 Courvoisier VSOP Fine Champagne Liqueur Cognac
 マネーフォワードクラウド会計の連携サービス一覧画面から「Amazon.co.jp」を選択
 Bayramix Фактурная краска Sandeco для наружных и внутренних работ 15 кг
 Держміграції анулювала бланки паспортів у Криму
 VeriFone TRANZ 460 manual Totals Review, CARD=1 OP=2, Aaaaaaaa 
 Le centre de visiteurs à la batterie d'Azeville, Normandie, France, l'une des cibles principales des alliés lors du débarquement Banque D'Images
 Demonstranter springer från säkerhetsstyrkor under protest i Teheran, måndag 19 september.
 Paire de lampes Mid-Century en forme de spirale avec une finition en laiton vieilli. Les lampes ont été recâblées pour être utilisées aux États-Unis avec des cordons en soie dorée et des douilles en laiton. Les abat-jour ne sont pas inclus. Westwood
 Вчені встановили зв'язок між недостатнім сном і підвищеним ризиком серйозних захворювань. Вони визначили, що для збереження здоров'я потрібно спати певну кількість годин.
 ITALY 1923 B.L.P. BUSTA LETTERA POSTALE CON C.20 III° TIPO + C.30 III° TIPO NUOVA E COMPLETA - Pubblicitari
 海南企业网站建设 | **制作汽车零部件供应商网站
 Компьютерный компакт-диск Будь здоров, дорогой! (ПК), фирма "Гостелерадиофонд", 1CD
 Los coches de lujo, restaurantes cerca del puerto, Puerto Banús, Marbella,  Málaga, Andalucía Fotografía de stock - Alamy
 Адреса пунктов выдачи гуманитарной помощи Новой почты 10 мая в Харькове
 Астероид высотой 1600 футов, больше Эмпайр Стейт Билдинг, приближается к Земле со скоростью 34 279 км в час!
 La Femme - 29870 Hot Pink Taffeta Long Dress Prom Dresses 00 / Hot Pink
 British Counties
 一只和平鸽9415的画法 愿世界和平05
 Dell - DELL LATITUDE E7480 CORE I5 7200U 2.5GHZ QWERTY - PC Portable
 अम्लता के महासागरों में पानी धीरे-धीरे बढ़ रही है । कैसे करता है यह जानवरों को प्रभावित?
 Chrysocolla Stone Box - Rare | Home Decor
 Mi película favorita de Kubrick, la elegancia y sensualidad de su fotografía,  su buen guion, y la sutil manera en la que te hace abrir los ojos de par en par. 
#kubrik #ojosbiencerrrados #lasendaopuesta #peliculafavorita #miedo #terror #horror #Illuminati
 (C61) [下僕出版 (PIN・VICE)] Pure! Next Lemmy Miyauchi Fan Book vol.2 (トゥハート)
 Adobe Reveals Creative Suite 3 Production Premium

============================================================

## [About this task]
Beginning at the line above with "Bayramix Фактурная краска" and finishing at the line with "Астероид высотой 1600", return each line exactly and return nothing else.

## [Answer area]
 Bayramix Фактурная краска Sandeco для наружных и внутренних работ 15 кг
 Держміграції анулювала бланки паспортів у Криму
 VeriFone TRANZ 460 manual Totals Review, CARD=1 OP=2, Aaaaaaaa 
 Le centre de visiteurs à la batterie d'Azeville, Normandie, France, l'une des cibles principales des alliés lors du débarquement Banque D'Images
 Demonstranter springer från säkerhetsstyrkor under protest i Teheran, måndag 19 september.
 Paire de lampes Mid-Century en forme de spirale avec une finition en laiton vieilli. Les lampes ont été recâblées pour être utilisées aux États-Unis avec des cordons en soie dorée et des douilles en laiton. Les abat-jour ne sont pas inclus. Westwood
 Вчені встановили зв'язок між недостатнім сном і підвищеним ризиком серйозних захворювань. Вони визначили, що для збереження здоров'я потрібно спати певну кількість годин.
 ITALY 1923 B.L.P. BUSTA LETTERA POSTALE CON C.20 III° TIPO + C.30 III° TIPO NUOVA E COMPLETA - Pubblicitari
 海南企业网站建设 | **制作汽车零部件供应商网站
 Компьютерный компакт-диск Будь здоров, дорогой! (ПК), фирма "Гостелерадиофонд", 1CD
 Los coches de lujo, restaurantes cerca del puerto, Puerto Banús, Marbella,  Málaga, Andalucía Fotografía de stock - Alamy
 Адреса пунктов выдачи гуманитарной помощи Новой почты 10 мая в Харькове
 Астероид высотой 1600 футов, больше Эмпайр Стейт Билдинг, приближается к Земле со скоростью 34 279 км в час!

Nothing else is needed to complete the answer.